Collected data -
───

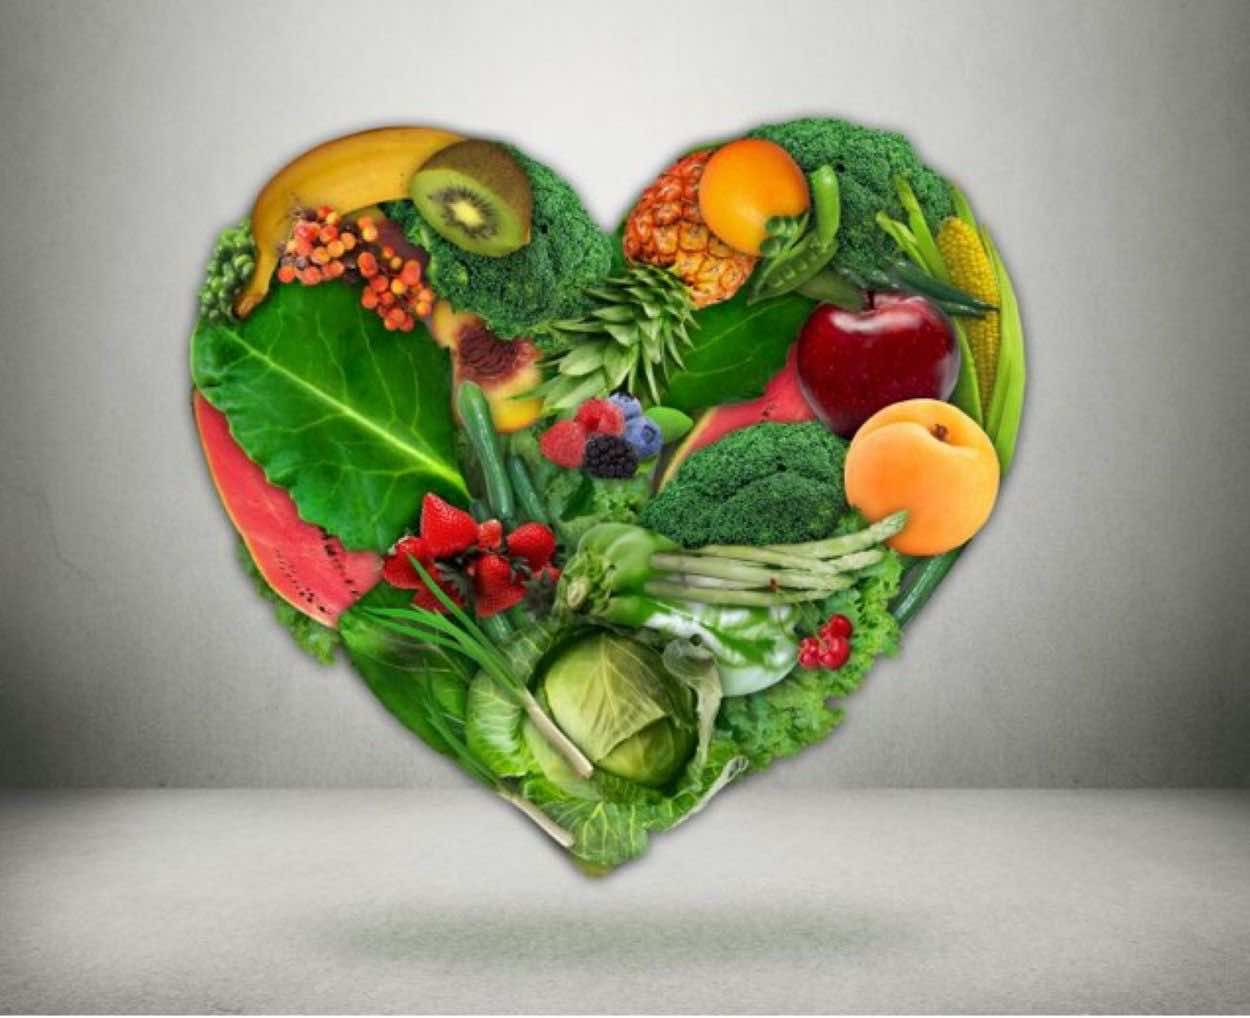 ميديتيرينيان دايت: الحمية الغذائية التي تحفظ صحة القلب و الأوعية الدموية..
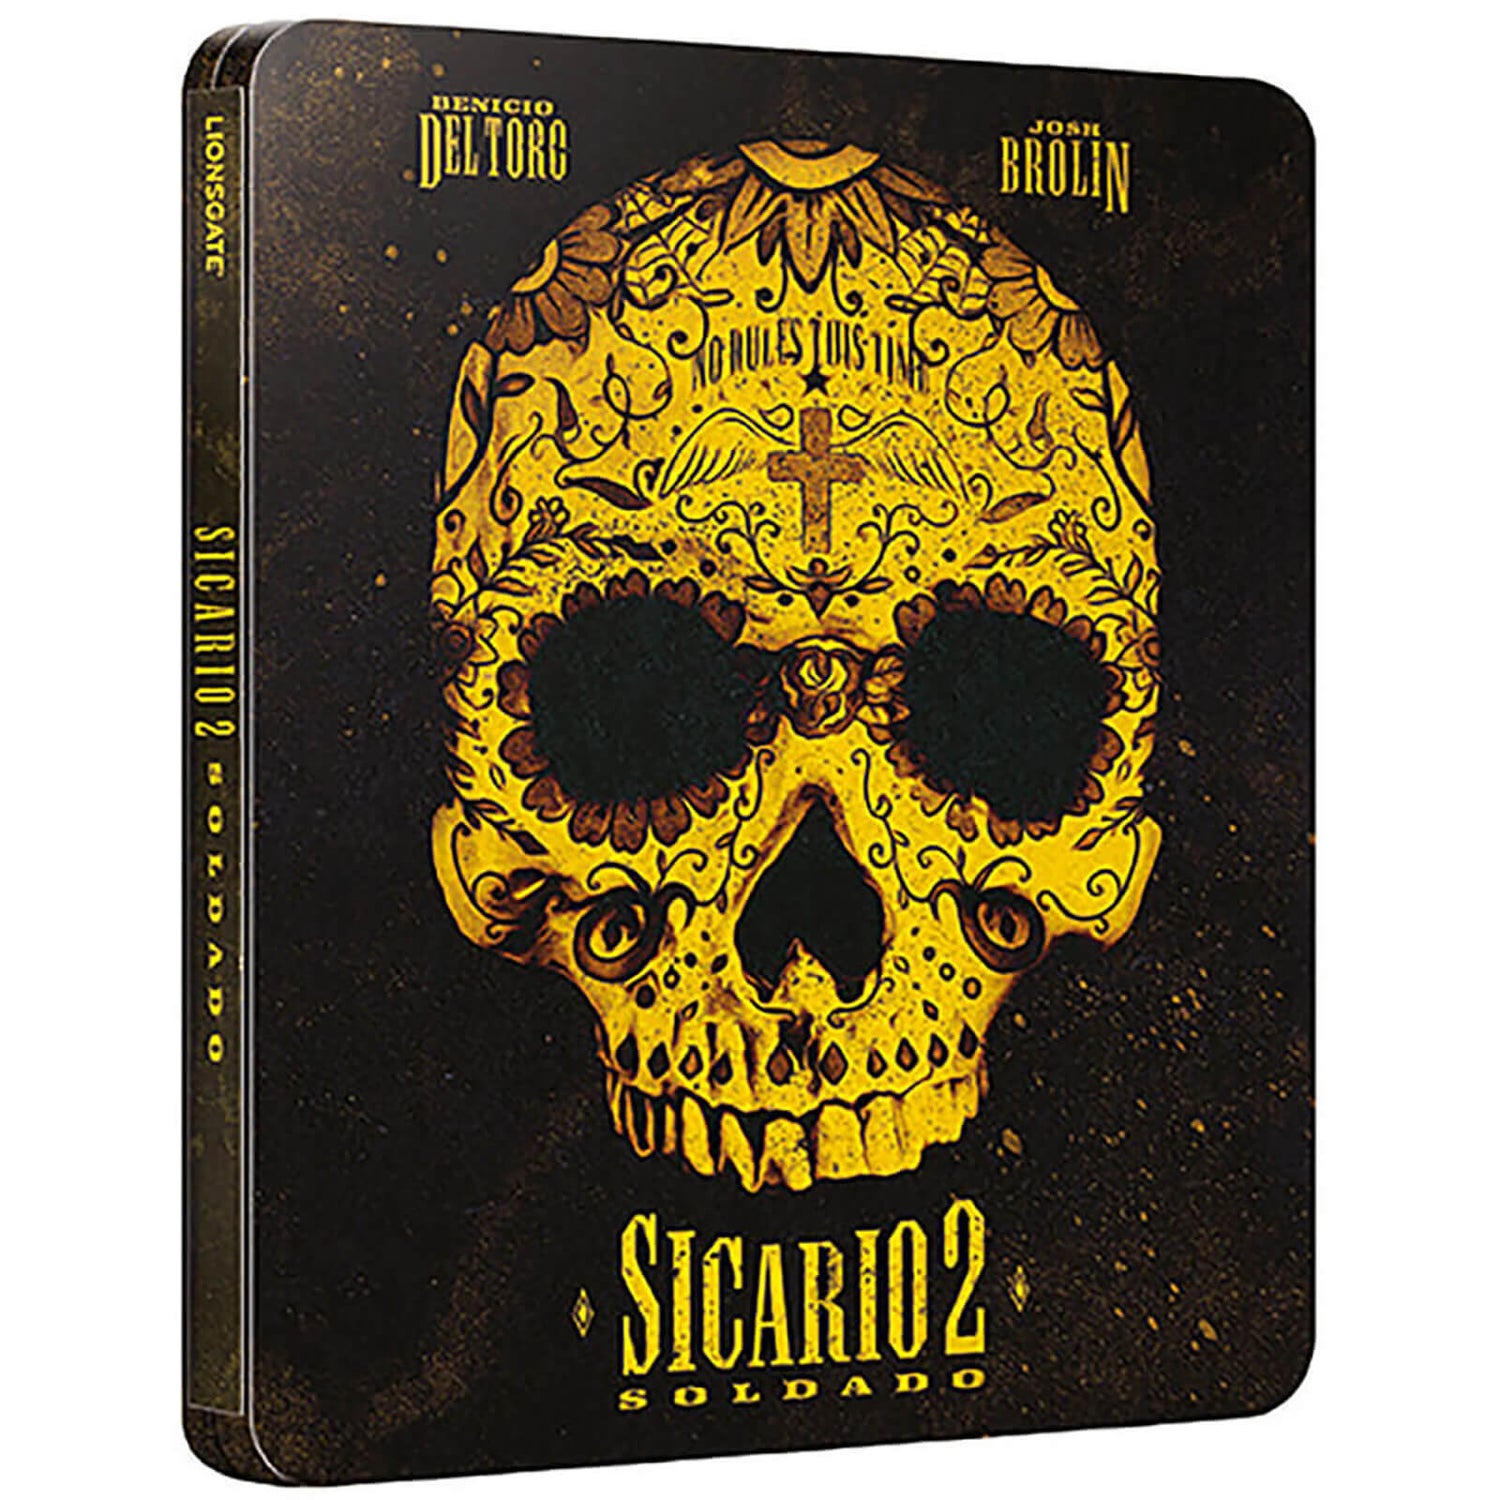 Sicario 2: Soldado 4K Ultra HD (Includes Blu-Ray Version) - Zavvi UK Exclusive Steelbook
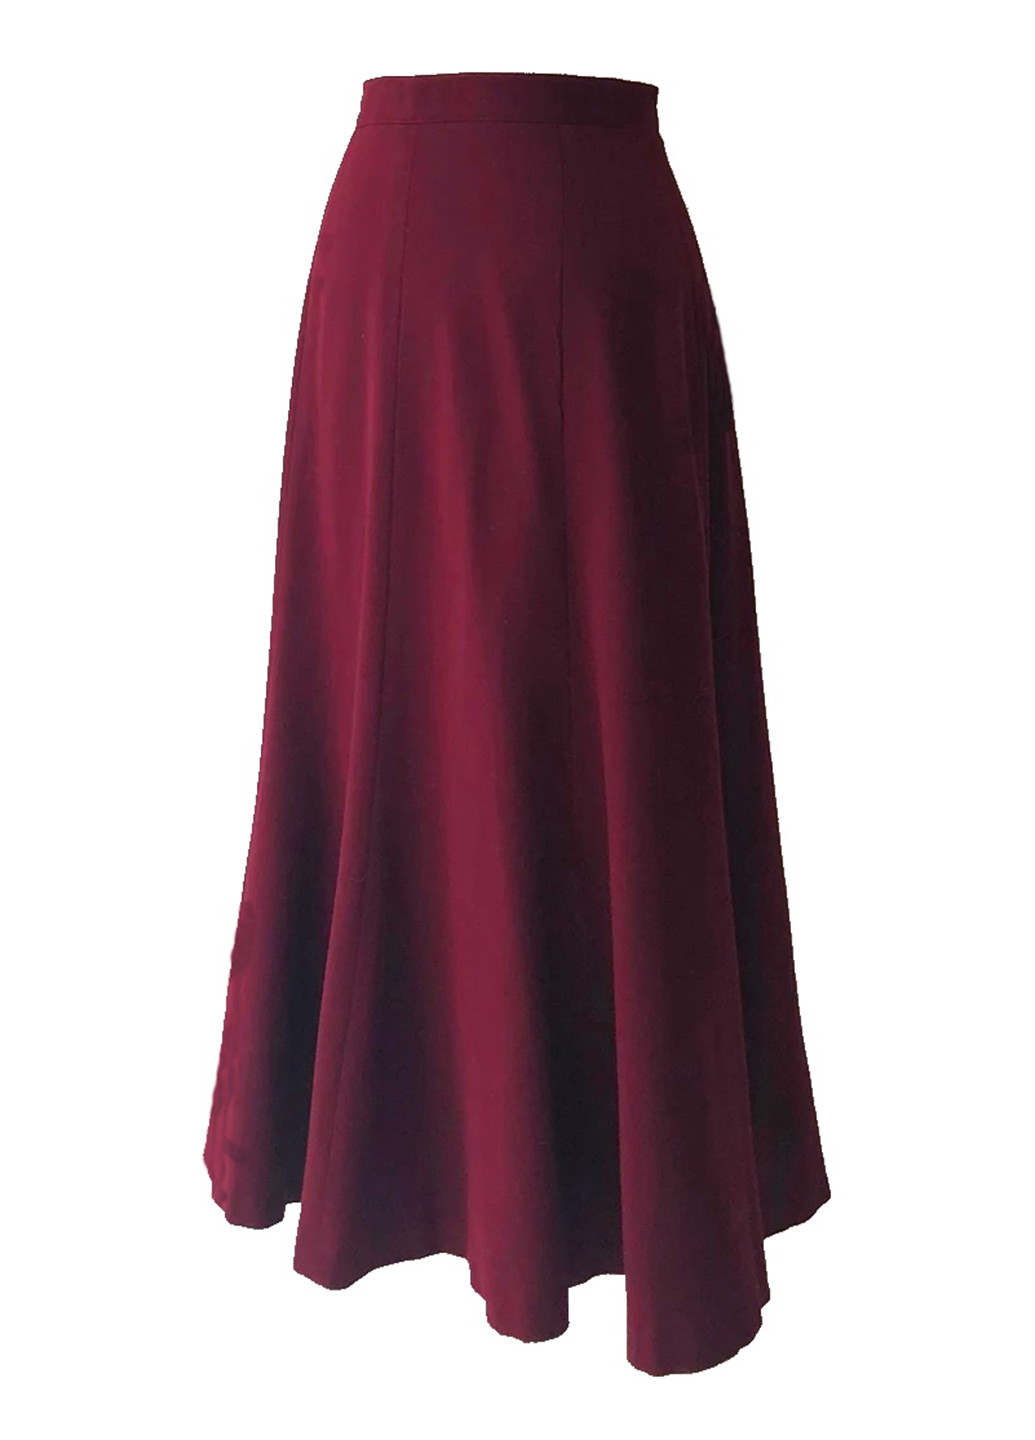 Темно-вишневая кэжуал однотонная юбка The J. Peterman Company а-силуэта (трапеция)
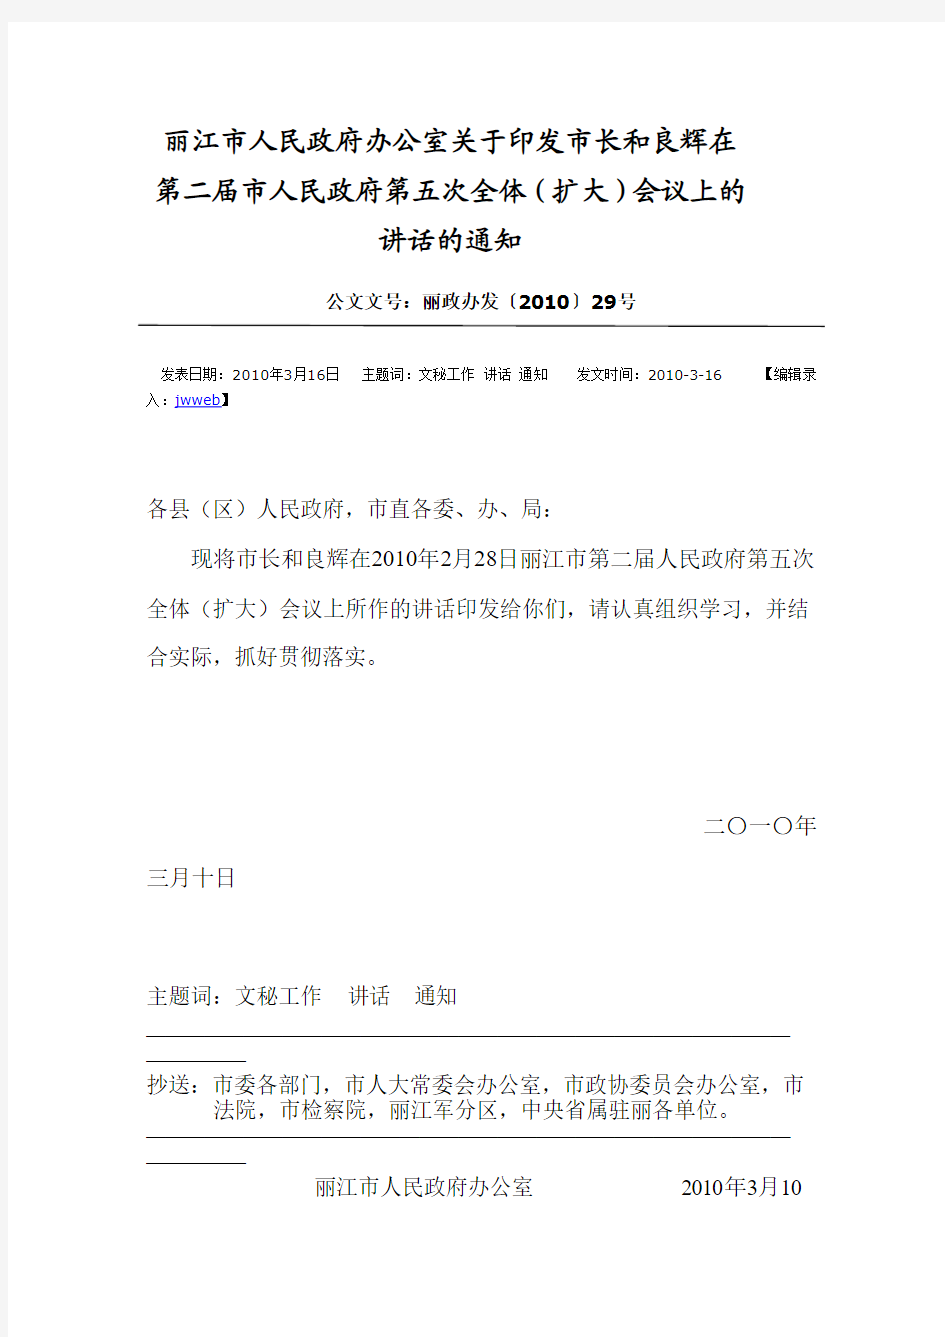 丽江市人民政府办公室关于印发市长和良辉在第二届市人民政府第五次全体
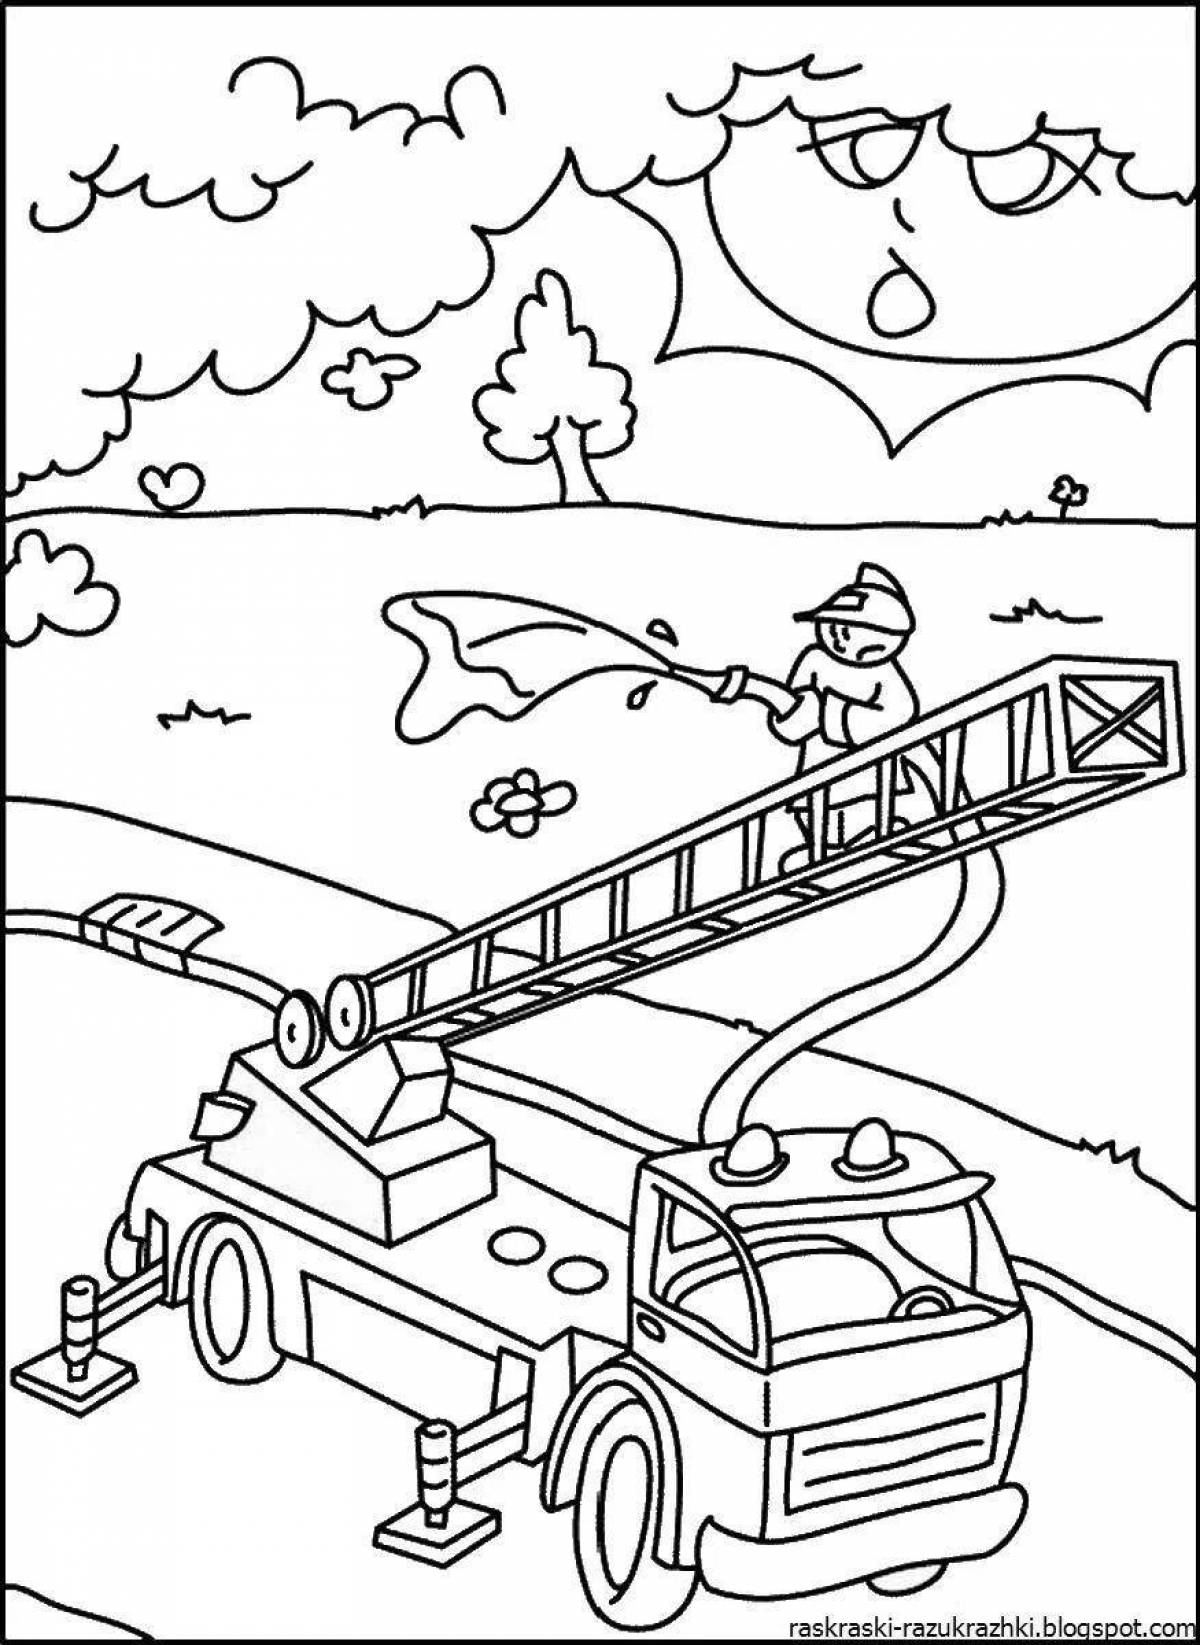 Прекрасный рисунок пожарного для детей

───

WHAT YOU ARE ASKED TO DO -
Pictures stay out. Transcribe the lines from the start of the entries above through the line with "Темно-вишневая кэжуал однотонная", exactly.

SOLUTION TO THE PROBLEM -
 ميديتيرينيان دايت: الحمية الغذائية التي تحفظ صحة القلب و الأوعية الدموية..
 Sicario 2: Soldado 4K Ultra HD (Includes Blu-Ray Version) - Zavvi UK Exclusive Steelbook
 Темно-вишневая кэжуал однотонная юбка The J. Peterman Company а-силуэта (трапеция)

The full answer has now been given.